Internationale samenwerking kan plaatsvinden tussen personen in de vorm van niet-gouvernementele organisaties (NGO's) zoals het WWF, Artsen Zonder Grenzen en Amnesty International. Daarnaast is er internationale samenwerking tussen organisaties, wat leidt tot gouvernementele organisaties zoals Unicef, NAVO en de Organisatie voor Economische Samenwerking en Ontwikkeling (OESO) [1](#page=1).
### 1.2 Europese organisaties en vormen van samenwerking
Europese organisaties bevorderen specifieke vormen van samenwerking tussen Europese staten. Enkele belangrijke organisaties zijn:
#### 1.2.1 De Europese Vrijhandelsassociatie (EVA)
De EVA werd opgericht in 1960 middels de Conventie van Stockholm. Oorspronkelijk opgezet als een alternatief voor de Europese Economische Gemeenschap (EEG), traden enkele leden later toe tot de Europese Unie (EU). De huidige leden van de EVA zijn Zwitserland, Noorwegen, Liechtenstein en IJsland [2](#page=2).
#### 1.2.2 De Europese Economische Ruimte (EER)
De EER werd opgericht in 1994. Het is een overeenkomst tussen de EU en de EFTA-landen (met uitzondering van Zwitserland). Dit stelt de EFTA-landen in staat te profiteren van de interne markt van de EU zonder zelf EU-lid te hoeven zijn [2](#page=2).
#### 1.2.3 De Raad van Europa
De Raad van Europa (Conseil de l’Europe in het Frans, Council of Europe in het Engels) werd opgericht in 1949 door tien stichtende leden middels het Verdrag van Londen. De zetel van de Raad van Europa is gevestigd in Straatsburg.
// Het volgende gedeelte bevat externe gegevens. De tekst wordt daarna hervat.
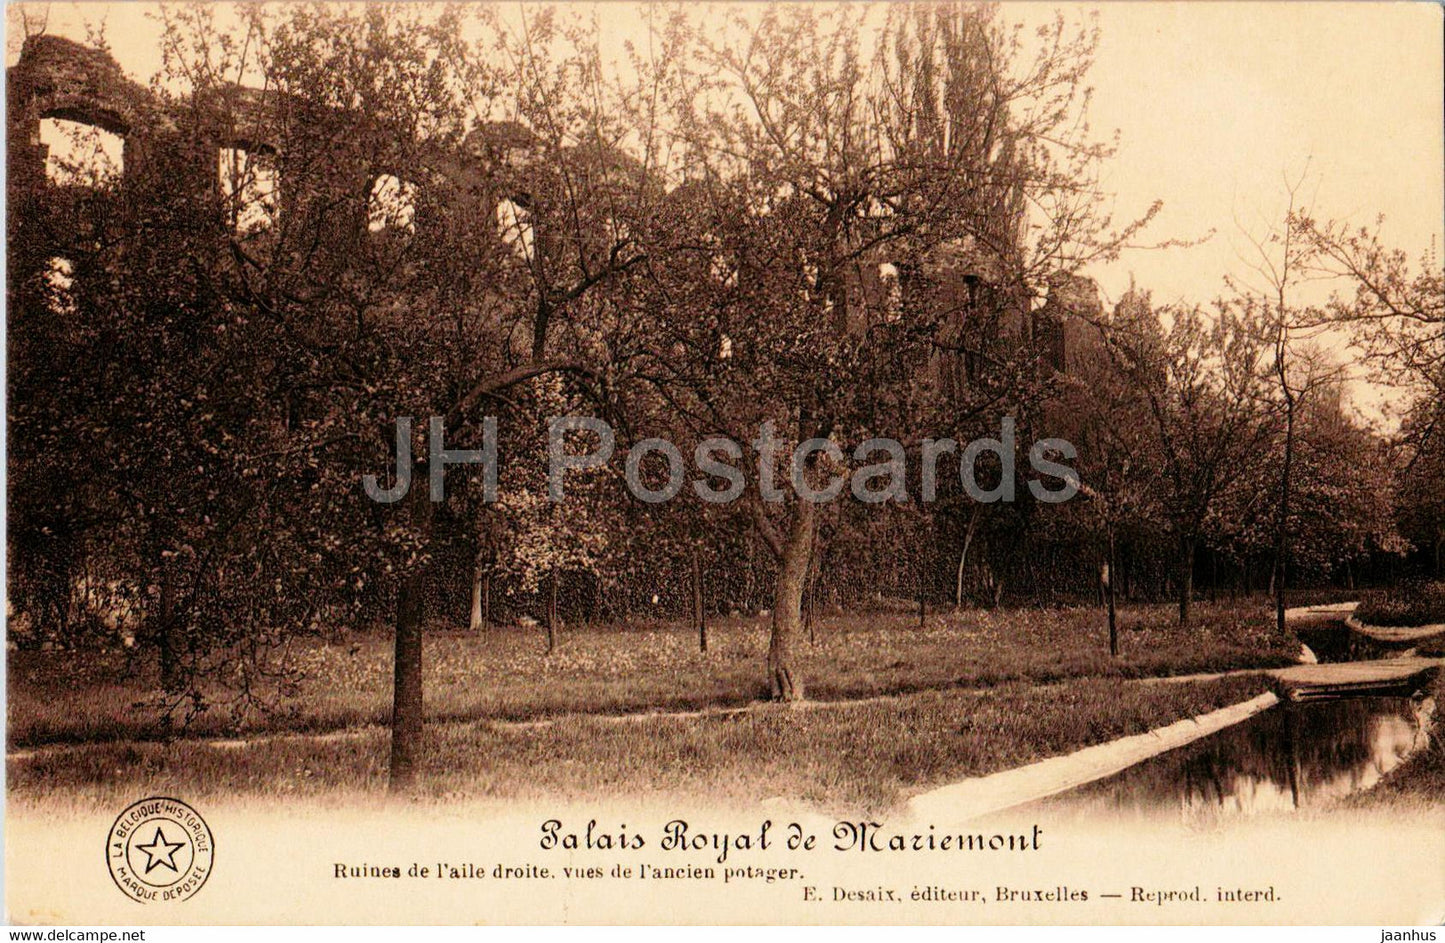 Morlanwelz - Palais Royal de Mariemont - Ruines de l'aile droite - old postcard - Belgium - unused - JH Postcards

De belangrijkste verwezenlijkingen van de Raad van Europa zijn het Europees Verdrag voor de Rechten van de Mens (EVRM) en het Europees Hof voor de Rechten van de Mens (EHRM) [2](#page=2).
### 1.3 Soorten samenwerking bij gouvernementele organisaties
Er worden twee hoofdsoorten van samenwerking onderscheiden bij gouvernementele organisaties: intergouvernementele organisaties en supranationale organisaties [2](#page=2).
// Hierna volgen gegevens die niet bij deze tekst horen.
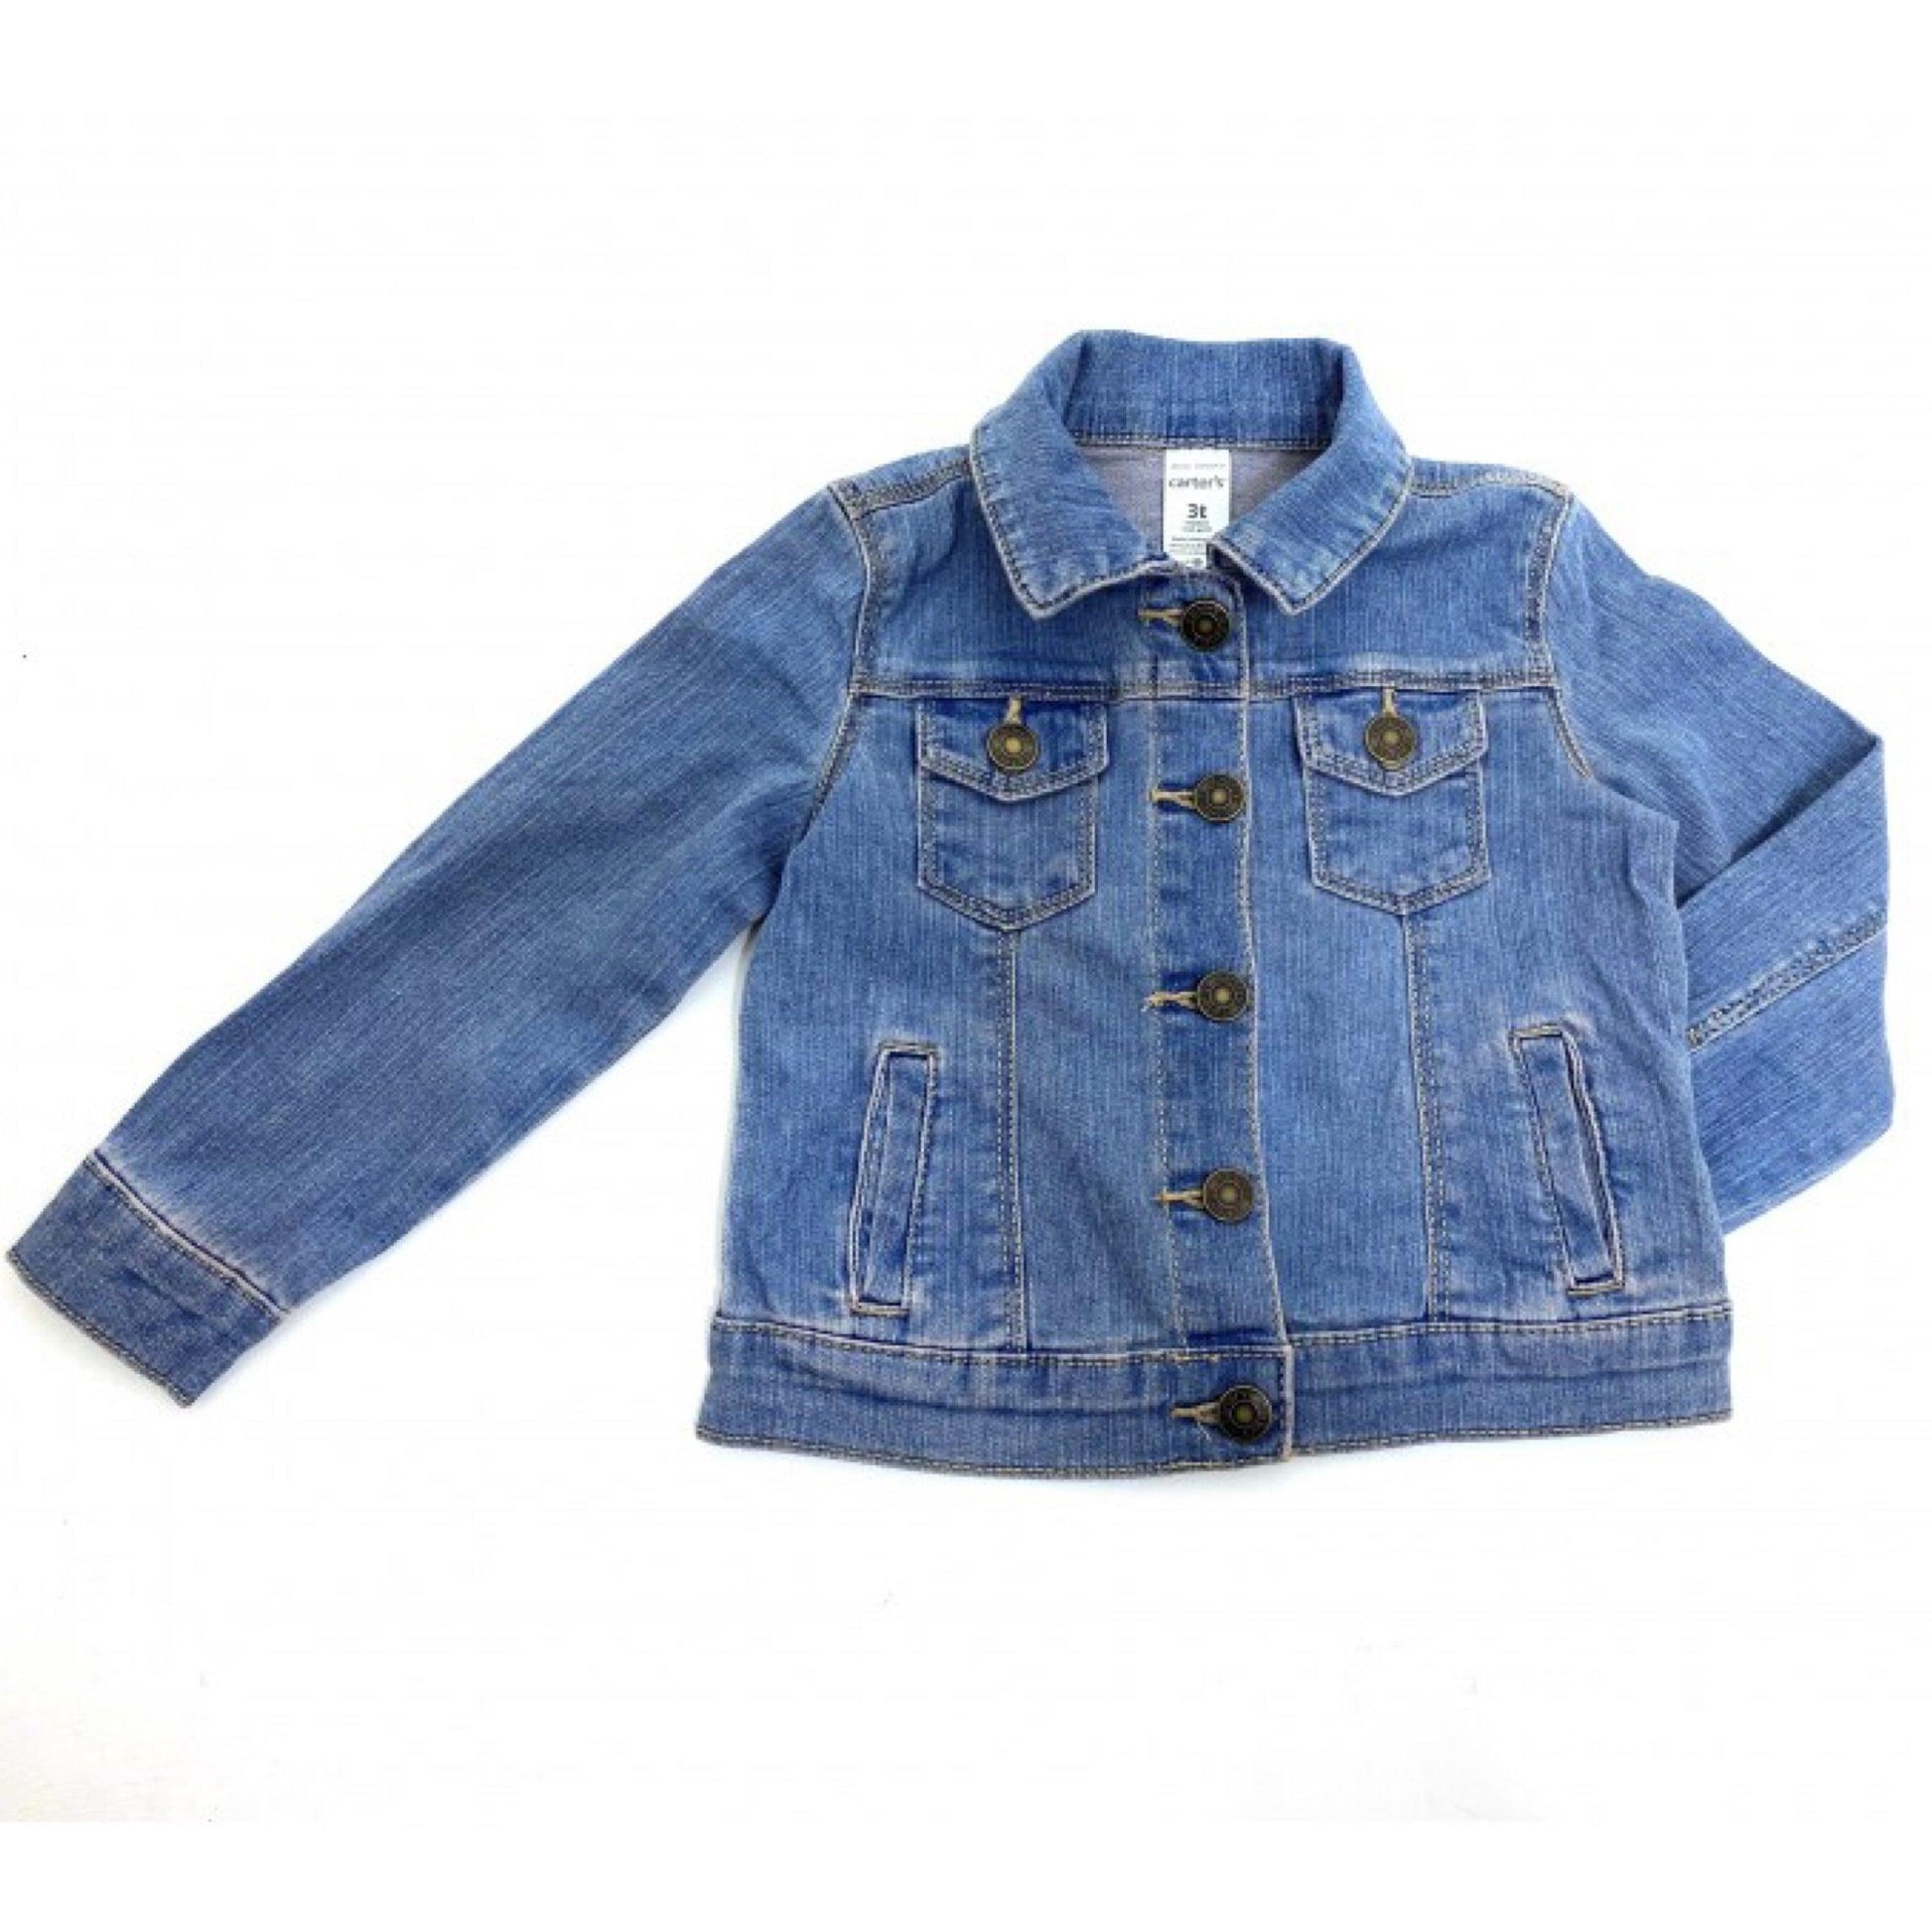 Girls Denim Jacket | Oscar & Me | Baby & Children’s Clothing & Accessories

#### 1.3.1 Intergouvernementele organisatie
Bij een intergouvernementele organisatie vindt er **geen overdracht van staatssoevereiniteit** plaats [2](#page=2).
* **Organen:** Bestaan uit vertegenwoordigers van de lidstaten [2](#page=2).
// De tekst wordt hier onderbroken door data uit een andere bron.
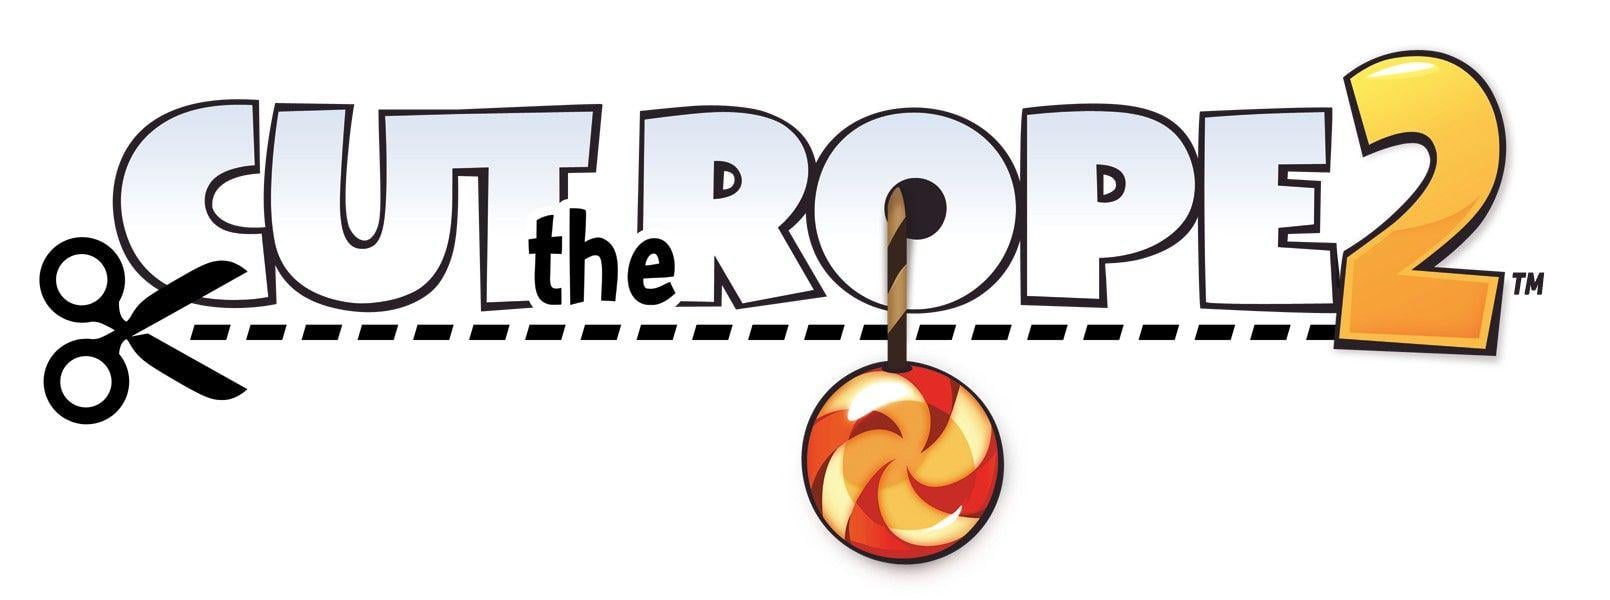 Cut the Rope Logo - The cut Logos

* **Besluitvorming:** Beslissingen worden genomen op basis van unanimiteit, wat betekent dat individuele lidstaten een veto kunnen uitspreken [2](#page=2).
* **Jurisdictie:** Er is geen bindende jurisdictie, tenzij de rechterlijke autoriteit expliciet wordt aanvaard [2](#page=2).
* **Binding en voorrang:** Internationale akkoorden zijn niet automatisch onderdeel van de nationale rechtsorde en moeten eerst worden geratificeerd door de lokale regering. Ze hebben niet in alle gevallen voorrang op nationale wetgeving [2](#page=2).
**Voorbeeld:** De Raad van Europa is een voorbeeld van een intergouvernementele organisatie. Deze heeft 46 lidstaten en ongeveer 800 miljoen inwoners, opgericht in 1949, met organen zoals het Comité van Ministers en de Parlementaire Vergadering [2](#page=2).
#### 1.3.2 Supranationale organisaties
Bij supranationale organisaties vindt er **wel een overdracht van staatssoevereiniteit** plaats [2](#page=2).
* **Organen:** Bestaan uit onafhankelijke organen [2](#page=2).
* **Besluitvorming:** Beslissingen worden genomen op basis van een meerderheid van stemmen [2](#page=2).
* **Jurisdictie:** Er is sprake van verschillende ordehandhaving en bindende jurisdictie [2](#page=2).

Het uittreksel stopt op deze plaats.